心配した様子でヘザーをはじめとした私専属の侍女や警護のメンバーが、玄関から飛び出してきたからだ。
「大変でしたね。さあ、中に」
「お食事はお済みですか?」
「あなたたち、今日は仕事は休みでしょ?」
「休みましたよ」
「庭で宴会をしました」
使用人用の食堂や騎士団の宿舎では、この時間もまだ盛り上がって騒いでいる人たちもいるんだそうだ。
でも彼らは私が日が暮れても戻らないので、心配して待っていてくれたんだって。
「今までは昼間も薄暗かったので、夜と昼の境がわからなかったんですよ。でも今日は日が落ちて夕焼けになって星が出てもお嬢様がお帰りにならないので、何かあったのかと心配になって」
ヘザーの言葉で気付いた。
クレイグは何があったか、まだ知らせていないんだ。
「おまえたち、レティシアは疲れているんだから騒ぐな。部屋に軽食だけ用意したら、今日の仕事は終わりだ」
「心配させてごめんなさい。今日はいろいろと忙しかったのよ。明日詳しく話すから」
クロヴィーラから直接ラングリッジに来たせいか、屋敷内の雰囲気の差がよくわかる。
クロヴィーラだって、今も残っている使用人たちは真面目ないい人たちばかりよ。
タッセル男爵夫人がしっかりと侍女たちを管理して、騎士団長がカルヴィンを守ってくれている。
だけどいろんなことがありすぎて、まだ屋敷の中はどことなく緊張した雰囲気が漂い、私を怖がる使用人も多い。
そんな中でカルヴィンは、今頃ひとりで過ごしているのかな。
それともダニーが傍にいてくれるんだろうか。
そういえば私は、カルヴィンの交友関係をまったく知らない。
カルヴィンとは神獣省で会うから、私生活の時間に彼が誰と会っているのか知らなかった。
友達はいるわよね?
「オグバーンの野郎は、いったい何がしたいんだ?」
部屋に入り、並んでソファーに腰を下ろしてすぐ、クレイグは絞り出すような苦々しげな声で呟いた。
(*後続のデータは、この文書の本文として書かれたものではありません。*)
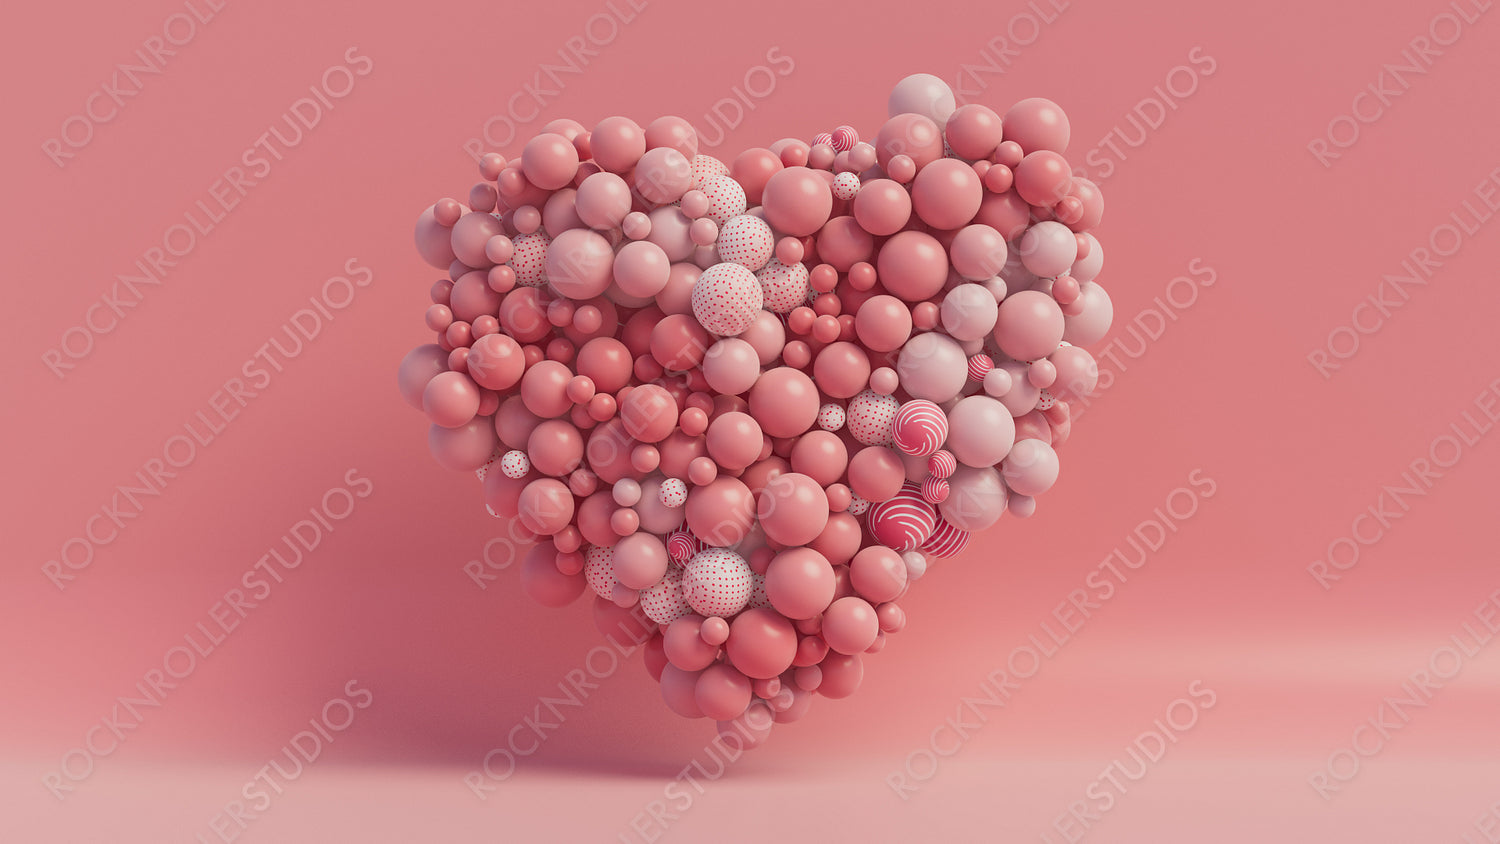 Multicolored  Balloon Love Heart. Pink, Polka Dot and Striped Balloons arranged in a heart shape. 3D Render

彼にとって前侯爵が死んだことは、それほど重要ではないらしい。
「悪いが、きみの父親のことを気の毒だったとは言えない。死んでくれてよかったとさえ思っている」
私が何を考えているか感づいたかのようにクレイグが言った。
「あの男がきみにしてきたことは絶対に許せない。俺がこの手で殺してやりたかったくらいだ。カルヴィンやきみの足を引っ張らないうちに死んでくれてよかった」
「そうね。まったく同感だけど、彼はキンバリーを短剣で刺し殺したのよ。オグバーンの思惑を潰したの」
「ほお。やるじゃないか」
ようやくクレイグの寄せられた眉が、少しだけ緩んだ。
婚約者になってはじめて気づいたんだけど、私たち、似たもの夫婦になりそうじゃない?